Женщина улыбается и машет мне рукой, приглашая войти. Она закрывает за мной дверь, и вонь чудесным образом исчезает, сменяясь ароматом курицы и экзотических специй. Женщина кивает, когда я пытаюсь снять обувь, и проводит меня в гостиную, где на потертом диване полулежит худенькая девочка, положив загипсованную ногу на подушку.
— Здравствуй, Амина. Я мисс Брет, буду приходить к тебе, пока ты не поправишься.
Темные глаза внимательно изучают меня с головы до ног.
— Вы красивый, — произносит, наконец, она с милым арабским акцентом.
— Ты тоже, — улыбаюсь я.
На ломаном английском она сообщает, что ее семья приехала из Сомали прошлой зимой, что одна нога у нее была короче другой, и доктор все исправил. Теперь ей очень грустно, что она не может ходить в школу.
— Мы будем работать вместе, — заверяю ее я и глажу по руке. — Когда вернешься в школу, ты не отстанешь от класса. Давай начнем с чтения, да?
Достаю из кожаной сумки заранее подготовленную книгу, но тут в комнату вбегает маленький мальчик.
— Привет, — говорю я. — Как тебя зовут?
Он смущается и прячется за широкой юбкой вошедшей следом матери.

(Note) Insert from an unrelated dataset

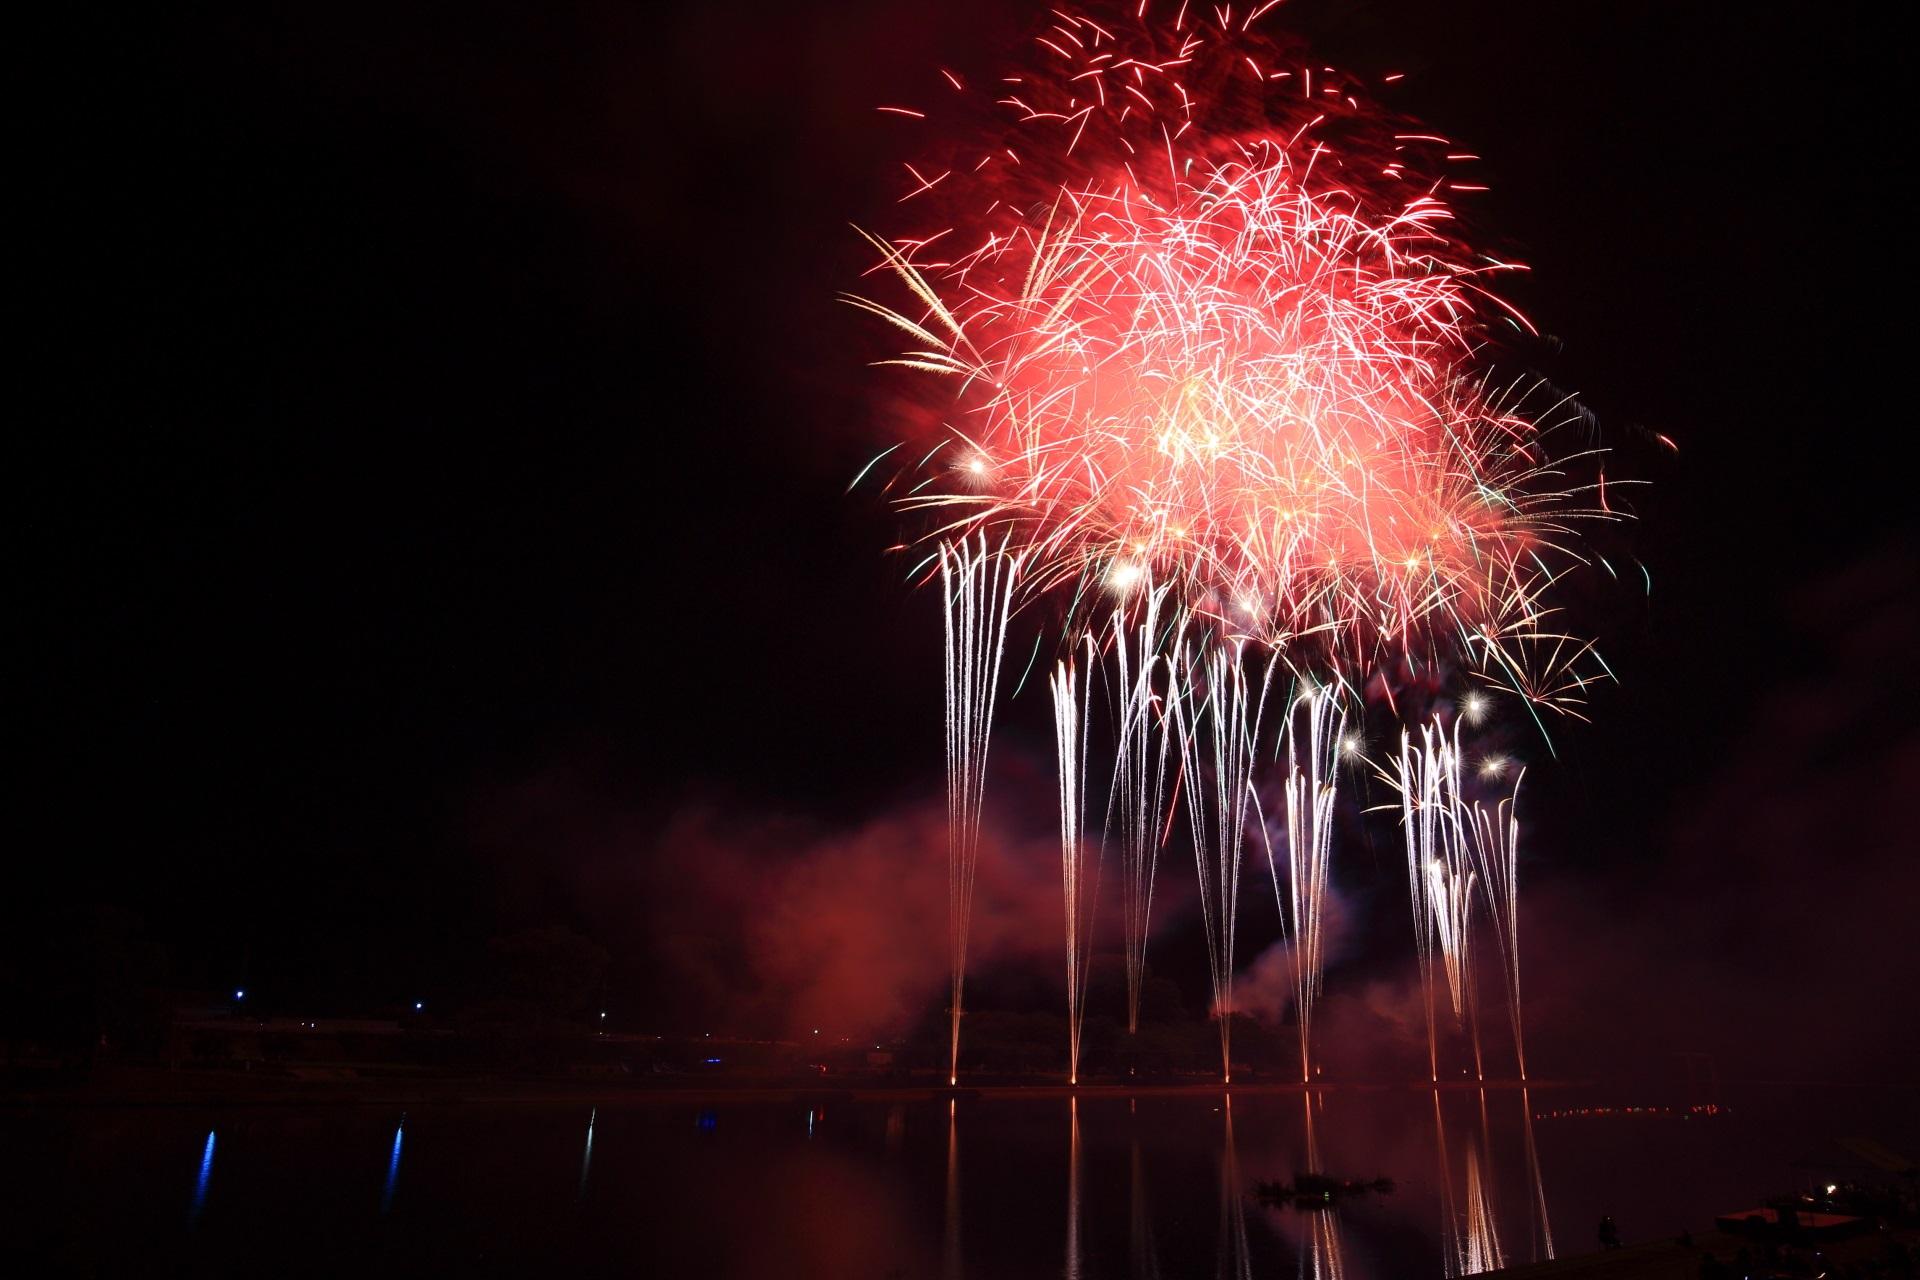 南丹市花火大会の煌びやかな噴水のような花火

— Абдулкадир, — тихо отвечает он.
Повторяю труднопроизносимое имя, и на щечках ребенка появляются ямочки, Амина и ее мама тоже смеются, лица их сияют от гордости. Садимся кружком, и я начинаю читать сказку о принцессе, которая не умела плакать. Мои слушатели увлеченно разглядывают картинки и задают вопросы, весело посмеиваясь и хлопая в ладоши.
Вот я и оказалась в своей собственной школе с одним классом! На этот раз все мои ученики хотят получить от меня знания. Это же воплощенная мечта любого учителя. Это и моя мечта!
Через двадцать минут я уже рядом с Гарфилд-Парк. Невероятно, но Санкита Белл, находящаяся на третьем месяце беременности и страдающая от заболевания почек, учится в выпускном классе. Девочка, похоже, рождена от смешанного брака, и на вид ей не больше двенадцати. На лице ни грамма косметики, шелковистая, свежая кожа напоминает мне ириску. Но от взгляда ее карих глаз сжимается сердце. Это глаза взрослой женщины — и женщины много пережившей.
— Прошу прощения за опоздание, — говорю я, снимая перчатки и пальто. — Я увидела название на доме «Джошуа-Хаус» и решила, что ошиблась адресом. Что это за место?
— Приют для бездомных женщин, — спокойно объясняет Санкита.
Смотрю на нее, пораженная услышанным, как внезапным громом и молнией.
— Санкита, как мне жаль. Твоя семья давно здесь живет?
— Моя семья здесь не живет. — Она проводит ладонью по еще плоскому животу. — Мама прошлым летом переехала в Детройт. Но я там не выдержала, не хочу такой жизни моему малышу.
Она не уточнила, какой именно жизни, а я не спрашиваю, лишь молча киваю, до боли закусив губу.
Девочка скрестила руки на груди.
— И не надо жалеть меня и моего ребенка. У нас все будет хорошо.